This shifts the problem from one about how distributions change under the intervention, to one about data drawn i.i.d. from some underlying distribution with [missing values](https://en.wikipedia.org/wiki/Missing_data). Under certain assumptions about why values are missing, there is well developed theory about how to estimate the missing values.

# Goals

Often we do not care about the full interventional distribution, $P(Y|\hbox{do}(X))$, and it is enough to have an estimate of the difference in means between the two groups. This is a quantity known as the [Average Treatment Effect](https://en.wikipedia.org/wiki/Average_treatment_effect):

$\Delta = E[Y_{1} - Y_{0}]$

When we run and A/B test and compare the means of each group, this is directly the quantity we are measuring 

If we just try and estimate this quantity from the observational distribution, we get:

$\Delta_{bad} = E[Y|X=1] - E[Y|X=0] \\
= E[Y_{1}|X=1] - E[Y_{0}|X=0] \\
\neq \Delta$

This is not generally equal to the true ATE because:

$E[Y_{i}|X=i] \neq E[Y_{i}]$

$\def\ci{\perp\!\!\!\perp}$
# Making Assumptions

When we A/B test, we randomize the assignment of $X$. This has the effect of allowing us to choose which variable of $Y_{1}$ or $Y_{0}$ is revealed to us. This makes the outcome independent of the value of $X$. We write this as

$Y_{1}, Y_{0} \ci X$

Which means that the distribution of $X, Y_{0}, Y_{1}$ factorizes as

$P(X, Y_{0}, Y_{1}) = P(X)P(Y_{0}, Y_{1})$

If this independence holds then

$E[Y_{1}|X=1] = E[Y_{1}]$

If we want to estimate the ATE using observational data, we need to use other information we have about the samples - specifically we need to **assume** that we have enough additional information to completely explain the choice of treatment each subject.

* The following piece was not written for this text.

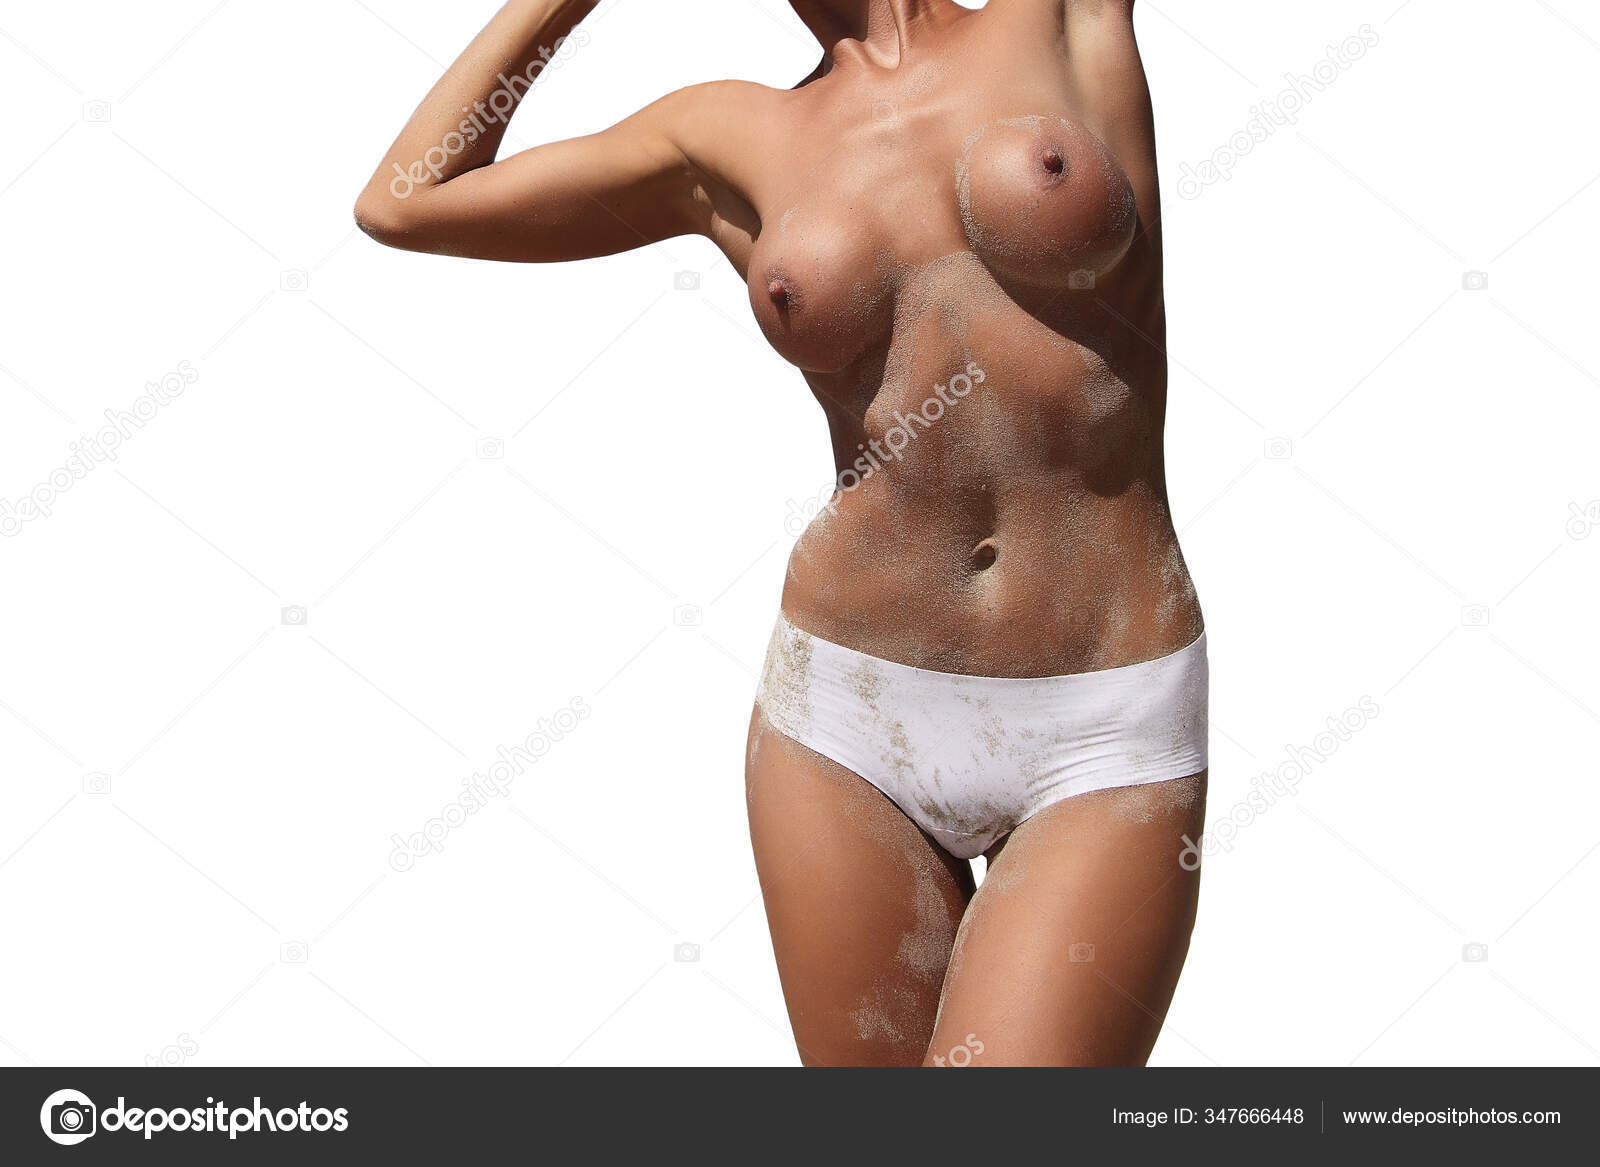 https://st3n.depositphotos.com/2970081/34766/i/1600/depositphotos_347666448-stock-photo-young-sexy-girl-nude-beautiful.jpg

If we call the additional information the random variable $Z$, we can write this assumption as

$Y_{1}, Y_{0} \ci X \, | \, Z$

or

$P(X, Y_{0}, Y_{1}| Z) = P(X|Z)P(Y_{0}, Y_{1}|Z)$

This means that the observed treatment a sample receives, $X$, is completely explained by $Z$. This is sometimes called the ["ignorability" assumption](https://en.wikipedia.org/wiki/Ignorability).

In our motivating example about cool hats this would mean that there is some other factor - let's call it "skill" - which impacts both the productivity of the person and whether or not they wear a cool hat. In our example above, skilled people are more likely to be productive and also less likely to were cool hats. These facts together _could_ explain why the effect of cool hats seemed to reverse when ran an A/B test. 

If we split our data on whether or not the person is skilled, we find that for each subgroup there is a positive relationship between wearing cool hats and productivity:

In [None]:
observed_data_0_with_confounders = dg.generate_dataset_0(show_z=True)

print(estimate_uplift(observed_data_0_with_confounders.loc[lambda df: df.z == 0]))
print(estimate_uplift(observed_data_0_with_confounders.loc[lambda df: df.z == 1]))

Unfortuntly, because we never observe $Y_{0}$ and $Y_{1}$ for the same sample, we cannot test the assumption that 

$Y_{1}, Y_{0} \ci X \, | \, Z$

It is something we have to use our knownledge of the system we are investigating to evaluate.


# Modeling the Counterfactual

From the above, it should be clear that if know $Y_{0}$ and $Y_{1}$, we can estimate the ATE. So why not just try and model them directly? Specifically we can build estimators: 
 
 - $\hat{Y}_{0}(Z) = E[Y|Z, X=0]$
 - $\hat{Y}_{1}(Z) = E[Y|Z, X=1]$. 
 
If we can model these two quantities, we can estimate the ATE as:

$\Delta = \frac{1}{N}\sum_{i}(\hat{Y}_{1}(z_{i}) - \hat{Y}_{0}(z_{i}))$

The success of this approach depends on how well we can model the potential outcomes. To see it in action, let's use the following data generating process:

In [None]:
observed_data_1 = dg.generate_dataset_1()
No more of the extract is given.